Bize Ulaşın
viachristushizmetleri@gmail.com

ÖBÜR DOKUZU NEREDE? / LUKA 17:11:19

Maalesef Koronavirüs’ün ülkemizi esir aldığı bir dönemden geçiyoruz. Hastalık dünyayı etkilemiş durumda ve birçokları hâlâ karantina altında yaşamını sürdürüyorlar. Aslında karantina Kutsal Yazılar’a da çok uzak bir konu değildir. Bugün bir karantina olayına ve karantinadaki insanların tutumlarına bakacağız.

Okuma:

Yeruşalim’e doğru yoluna devam eden İsa, Samiriye ile Celile arasındaki sınır bölgesinden geçiyordu. Köyün birine girerken O’nu cüzamlı on adam karşıladı. Bunlar uzakta durarak, “İsa, Efendimiz, halimize acı!” diye seslendiler. İsa onları görünce, “Gidin, kâhinlere görünün” dedi. Adamlar yolda giderken cüzamdan temizlendiler. Onlardan biri, iyileştiğini görünce yüksek sesle Tanrı’yı yücelterek geri döndü, yüzüstü İsa’nın ayaklarına kapanıp O’na teşekkür etti. Bu adam Samiriyeli’ydi. İsa, “İyileşenler on kişi değil miydi?” diye sordu. “Öbür dokuzu nerede? Tanrı’yı yüceltmek için bu yabancıdan başka geri dönen olmadı mı?” Sonra adama, “Ayağa kalk, git” dedi. “İmanın seni kurtardı.”

—Luka 17:11-19

Samiriye ile Celile arasındaki sınır bölgesinden geçerken İsa bir köye doğru gidiyordu. Gittiği bölgede karşısına 10 tane cüzamlı kişi çıktığını görüyoruz. İsa’nın bu bölgede inanılmaz derecede bilinen birisi olduğunu unutmayalım. O, her gittiği yerde tanınıyordu. Onun için bu cüzzamlılar İsa’nın kim olduğunu biliyorlar. O’nun şifa veren gücünden haberdarlardı. Ve merhametli birisi olduğunu işitmişlerdi… Luka 5. bölümde yine başka bir cüzzamlı ile ilgili benzer bir hikâye vardır. Belki de buradaki 10 kişi o olayı biliyorlardı. Hastalık yüzünden çaresiz, zor durumda olan ve toplumun içerisine kabul edilmeyen insanlardır cüzzamlı olan kişiler, ve gidecekleri son kişi belki de İsa’ydı. İşin ilginç kısmı hikâyenin bu noktasında İsa’nın Samiriyeli olduğunu öğrendiğimiz bir kişi ile muhatap oluyor olmasıdır. İsa yarı Yahudi olarak söz edebileceğimiz ve Yahudilerce pek sevilmeyen bu kişilerle muhatap olmuştu. Hatta benzetmelerinin birinde Samiriyeli birisini hikâyenin başkahramanı yapmıştı (Luka 10:29-37). Onun için İsa’nın hassas konulara değindiğini görebiliyoruz. Bu konuya daha fazla değineceğiz. Cüzzamlı olan bir kişinin durumunu biraz canlandıralım isterseniz…

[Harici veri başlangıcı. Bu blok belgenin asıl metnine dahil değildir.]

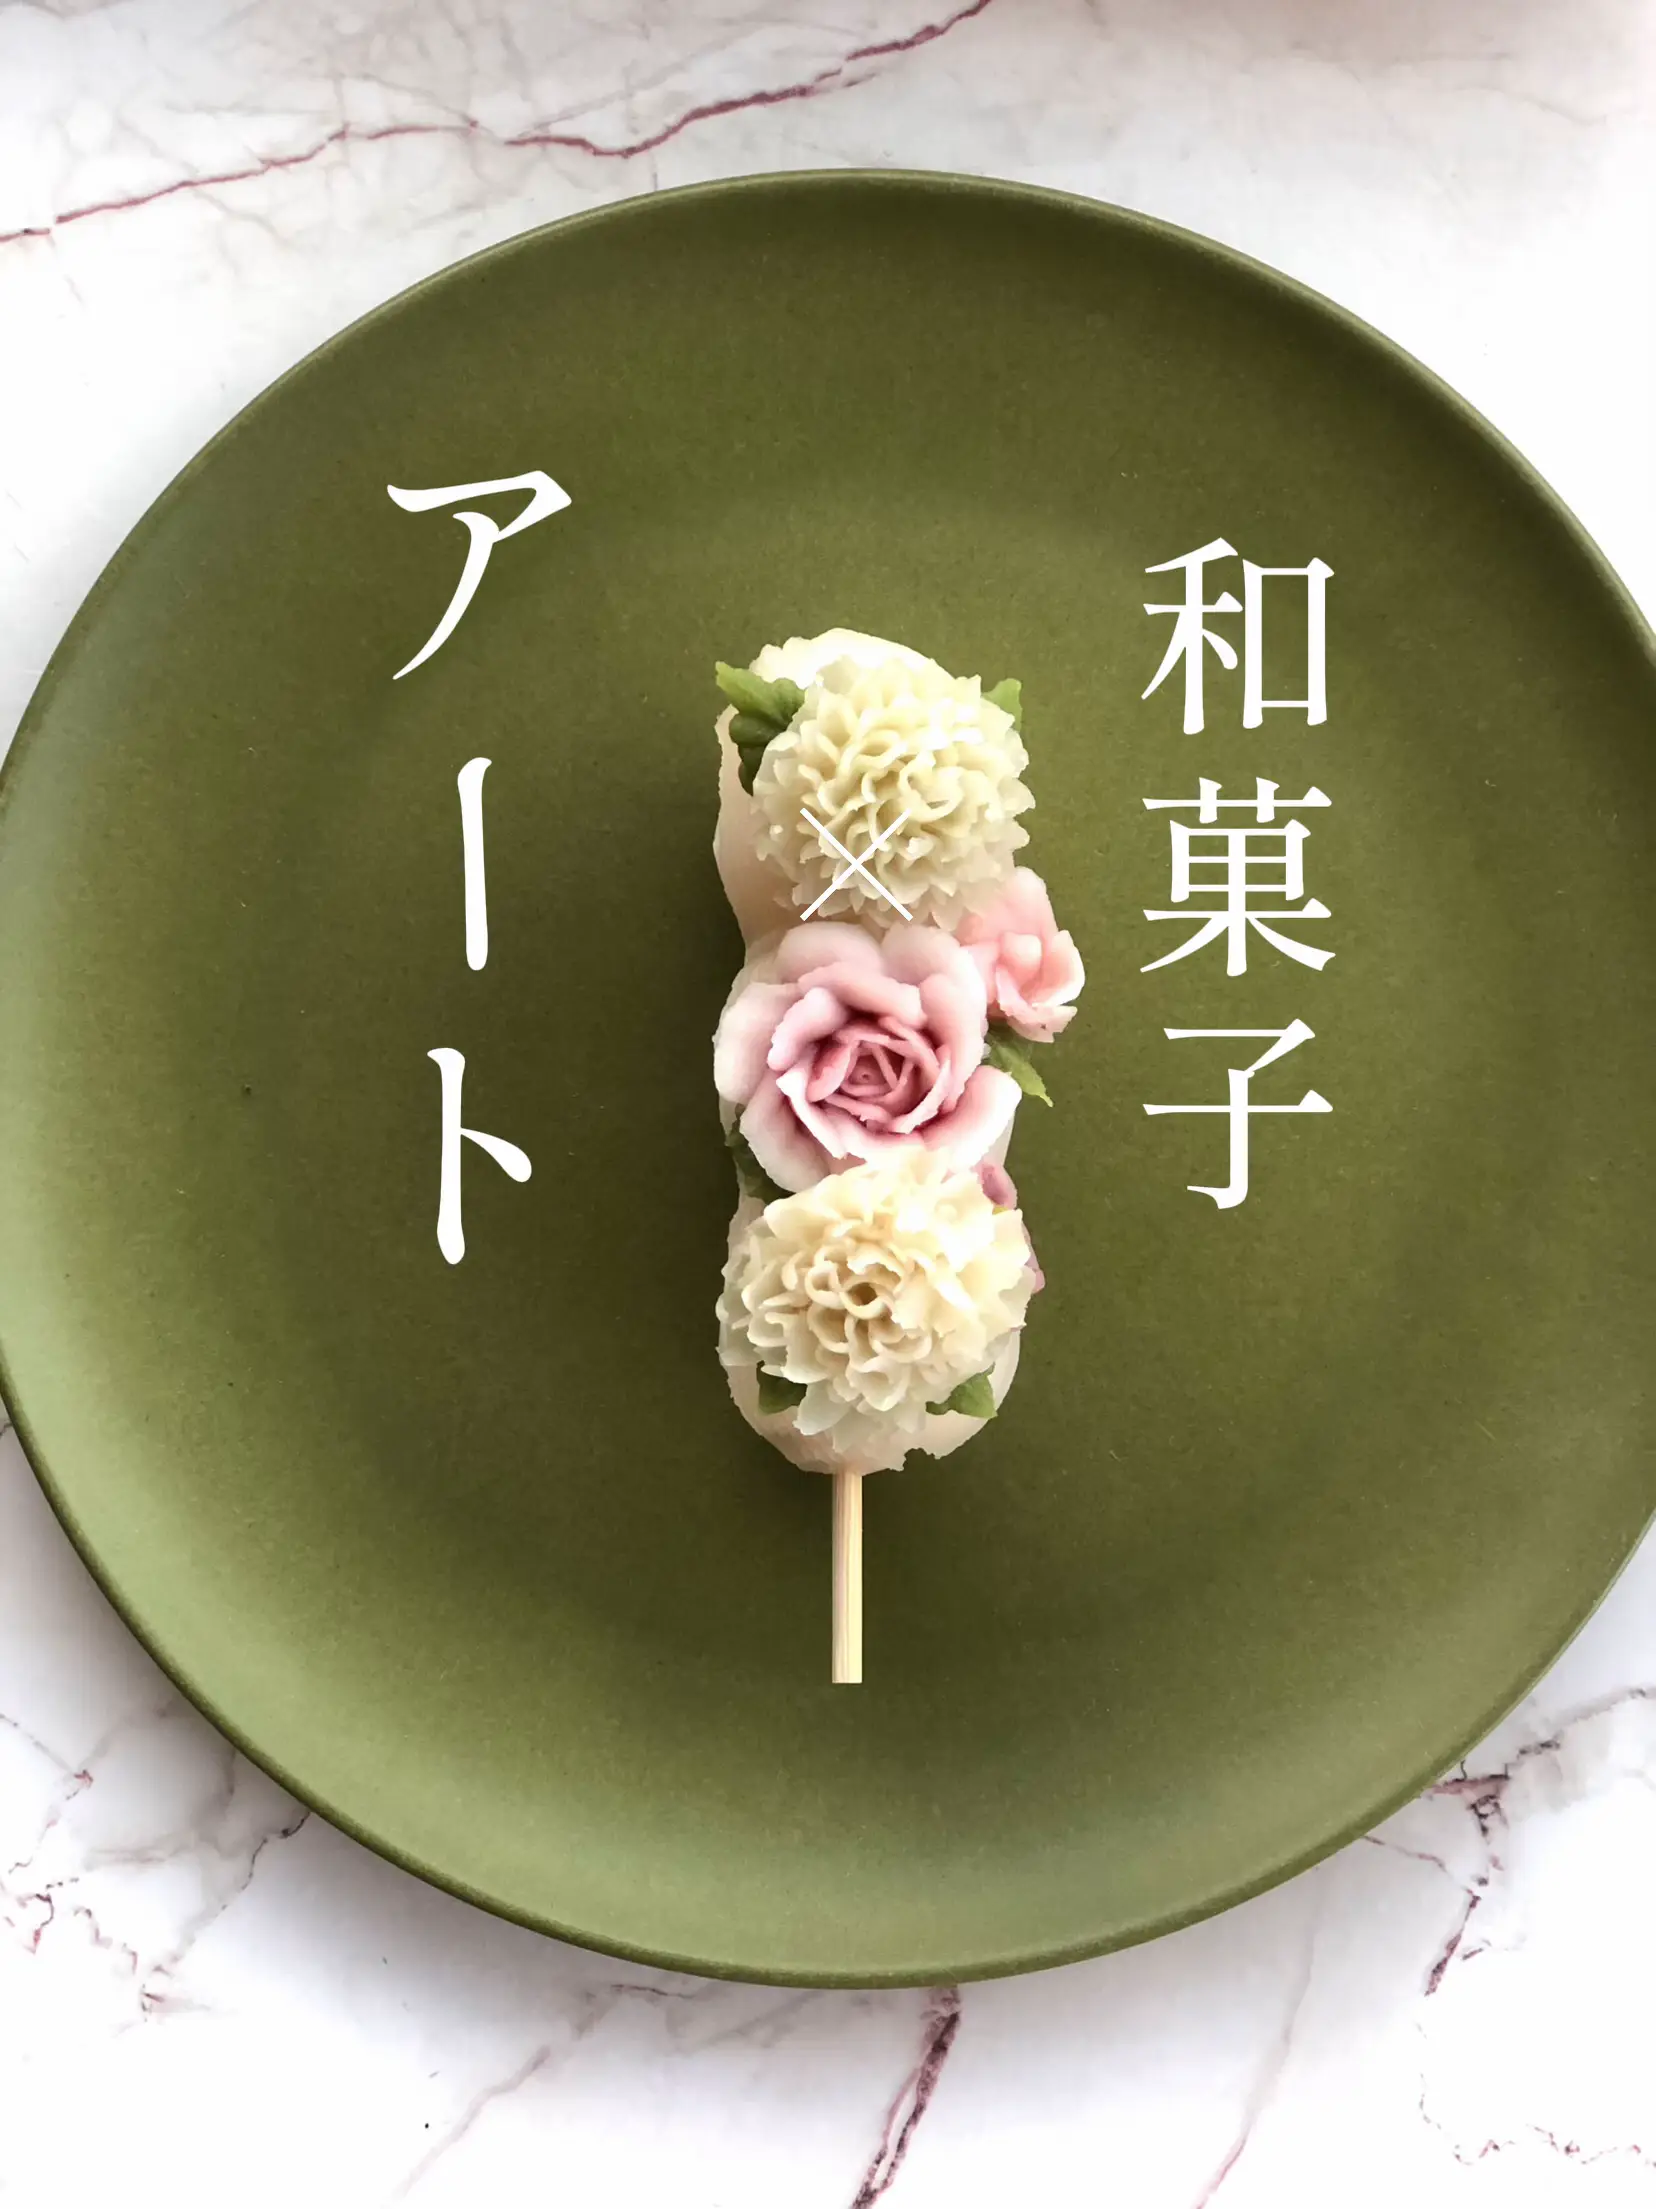 和菓子で作られた牡丹の花です、食べれますが、飾り物が良いと思います 
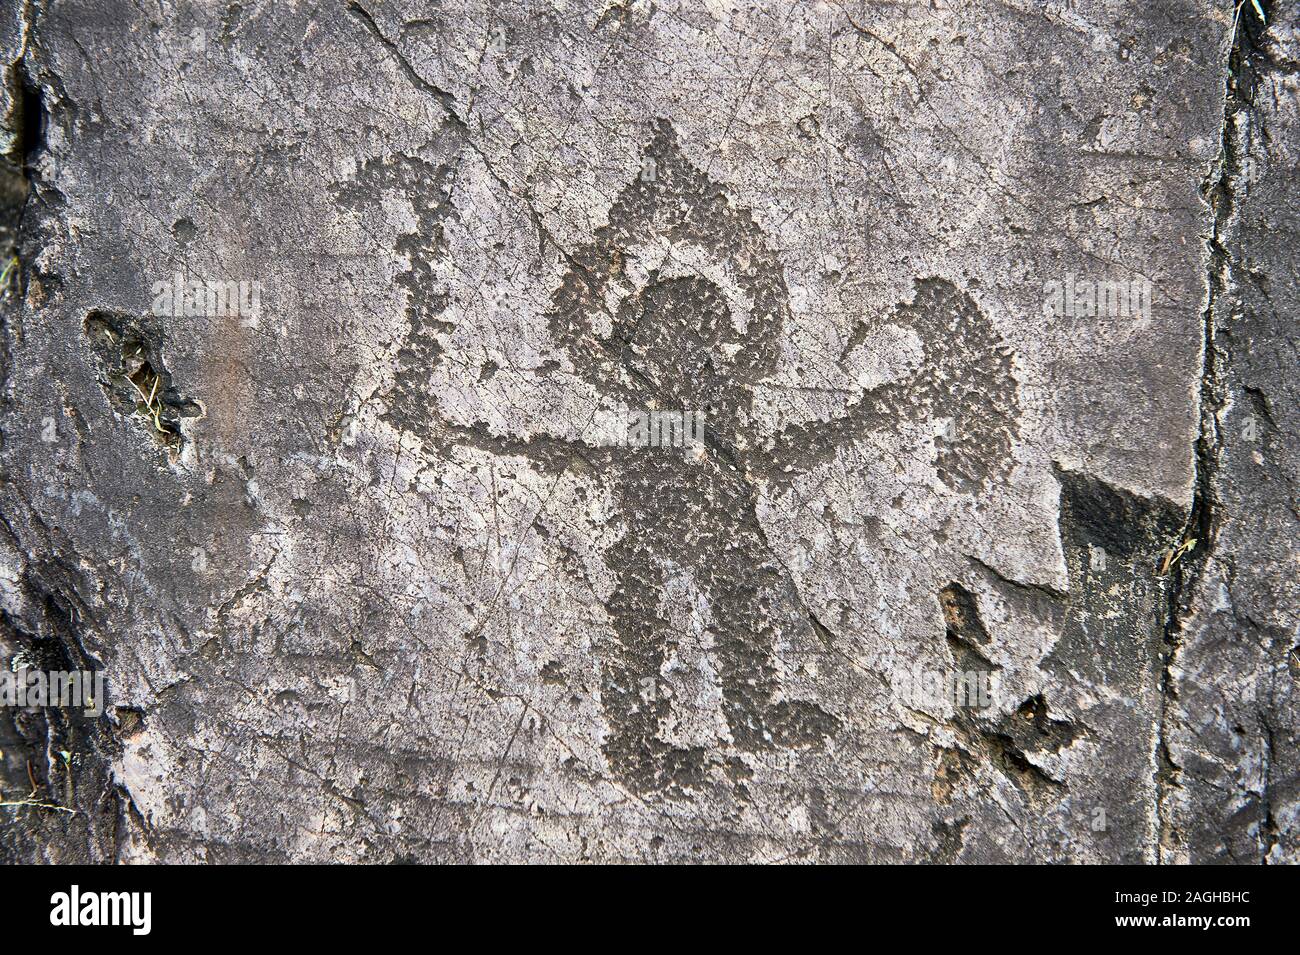 Los petroglifos prehistóricos, tallado en la roca, de guerrero con un casco tipo halo pequeño escudo y hacha tallada por el pueblo Camunni en la edad de hierro entre 100 Foto de stock

Bir sabah uyandığınızda vücudunuzun belli yerlerinde deforme olmuş bir cilt görürdünüz. Bunun ne hastalığı olduğunu anlamak için kâhine giderdiniz ve o size cüzzam olduğunuzu açıklardı. Yasa’ya göre bir süre sizi kapalı bir yerde tutarlardı. Bu süreçte hastalık geçecek mi, yoksa ölümcül ve bulaşıcı bir hâl alacak mı incelerdi. Tabii bu durumda ailenizden, eşinizden, çocuklarınızdan ayrılmak zorunda kalırdınız. Tam bir karantina başlangıç süreci gibi. Koronavirüs sürecinde benzer şekilde ailelerinden ayrı kalmak zorunda olanlar oldu, değil mi? İlk aşamada kişinin Korona olup olmadığı değerlendirildi, sonrasında da 14 günlük bir karantina süreci yaşandı. Hatta birçokları hâlâ yaşamaya devam ediyor. Cüzzamlı olduğunuzda da eğer hastalığınız ilerlediyse diğer insanlara hastalığı vermeyeceğiniz bir yere götürülürdünüz. Onlardan uzak bir bölgeye… Şehrin dışında yaşamak zorunda bırakılırdınız. Şüphesiz, cüzzam berbat bir hastalıktı: İlk önce yüzünüzün görünümü değişirdi. Büyükçe kabarcıklar çıkardı. Ardından yavaş yavaş vücudunuza yayılırdı. İnsanlar bu hastalığı sadece kendisine bulaştırabileceğini düşündüğünüzden değil aynı zamanda görüntünüzden ve kokunuzdan dolayı da size yaklaşmak istemezlerdi. Hastalık sadece görüntüde yoktu; aynı zamanda vücudunuzu yavaş yavaş yerdi, sonra parmaklarınızı kaybetmeye başlardınız. Cüzzamlı kişiler diğer insanların aralarına girmezlerdi. Gireceklerse de birçoğu bunu gizlice yapardı. Vücutlarını çok iyi bir şekilde sararlardı ki kimse onların cüzzam olduğunu anlamasın. Maalesef bu hastalığın herhangi bir çözümü yoktu. Eğer hastalık size illet olduysa en fazla 10 senelik ömrünüz kalırdı. Birkaç ay içerisinde artık yaşamak istemeyecek kadar kötü bir durumda olurdunuz zaten. Evinizden uzak, halsizlik ve acı içerisinde sadece sizin gibi cüzzamlıların olduğu bir yerde yaşamak zorunda kalırdınız.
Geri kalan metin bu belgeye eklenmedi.